The traditionalist was innovator too. Having lost his father at 10, the boy ran away to the AIR in Delhi, and found paternal care in the station director who arranged for his stay in a garage, and gave monthly recitals to the boy's paternal uncle Wahid Khan (sitar/surbahar) and maternal grandfather Bande Husain Khan (vocalist) so that they could come to Delhi to tutor him. That is how young Vilayat became equally proficient in singing and playing. Learning was no easy process, but the mother stemmed the tides of despair.
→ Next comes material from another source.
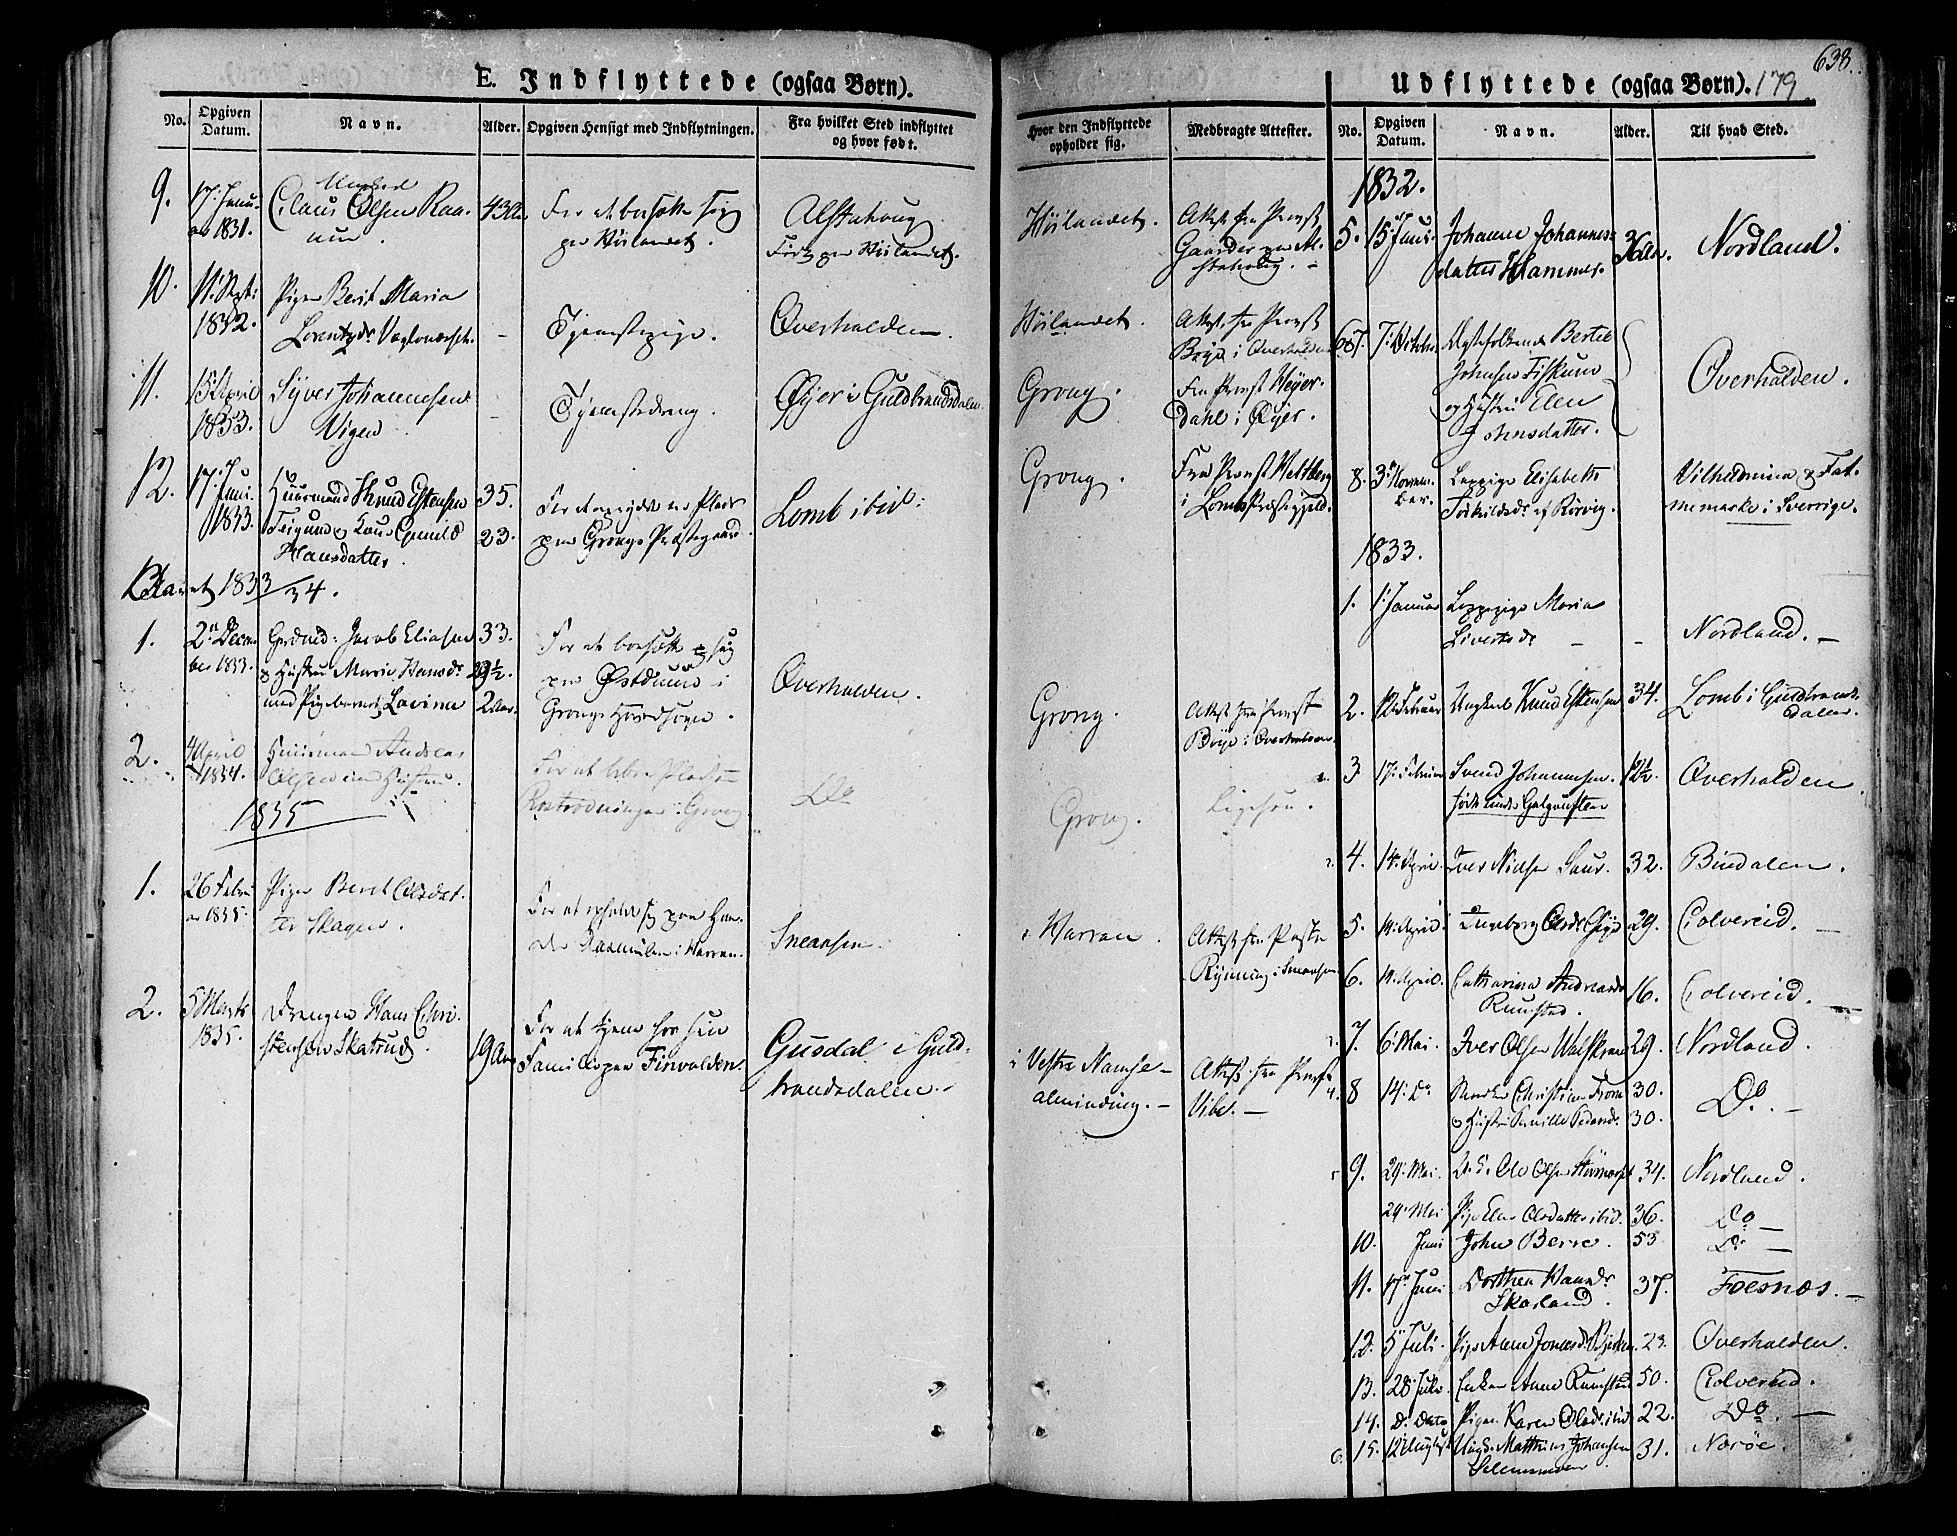 SAT, Ministerialprotokoller, klokkerbøker og fødselsregistre - Nord-Trøndelag, 758/L0510: Ministerialbok nr. 758A01 /1, 1821-1841, s. 179

Besides, "I had to create my own method because I couldn't play like my father, also because existing methods could not reproduce the intricate, intense vocal glides of my grandfather."

The crafting of the gayaki ang (vocal style) involved modification of the instrument itself, along with playing techniques. Persevering through criticism and misunderstandings, the young man achieved the lyrical fluidity he wanted until the sitar took the might of his right hand strokes, and curved into the intricate oscillations of the human voice. Finally fellow musicians conceded that Vilayatkhani baaj not only replicated the voice on the sitar, but that few vocalists could make their voices sing as his strings did.

His courtly Urdu promoted his tendency to romanticise things. When asked why Hindustani music assigns a particular time for singing each raag, he launched into his vision of every raag with its own light and colour, radiating rays in a circle which revolved into the tides of the day and night. He could take a childlike delight in a shawl sent to him by Carnatic vocalist M.S. Subbulakshmi, put it round himself at once, and start singing "Vatapi ganapatim". No, he didn't care for taking raags from one system into another, but there was something about Hamsadhvani, simple-seeming, but with subtle glints, like a woman pushing her hair back to show her face in a different light. Mischievously he could add, "Your nishad is very difficult, but I can do it, this is how it goes in Kalyani, Kiravani, Charukesi... I have heard Carnatic music in childhood from Jayammal, (Balasaraswati's mother) you know!"

His love of fast driving and sports cars, his craze for haute couture, urge for collecting everything from guns to chandeliers, gourmet tastes, his horsemanship, proficiency at the billiards table, swimming pool and ball room, were all part of his larger-than-life, quicksilver personality.

Stories of his warmth and folly became part of the growing legend as Vilayat Khan ended up insisting that he was — or had to be — the highest paid Indian musician. His first marriage — with the woman he fell in love with on the dance floor — was to break up with the ustad's growing demands for submissiveness. Son Shujaat, himself a sitar player today, weathered bitter estrangement, but was to say after the father's death that he had wonderful memories to cherish. Khansaheb's generous spirit was known to friends, and to a few lifetime disciples like Arvind Parikh.

The grief on Ravi Shankar's face was very real when he paid a brief obituary tribute, "A great musician". Vilayat Khan would have been happy to hear the wistful note in his fellow musician's voice.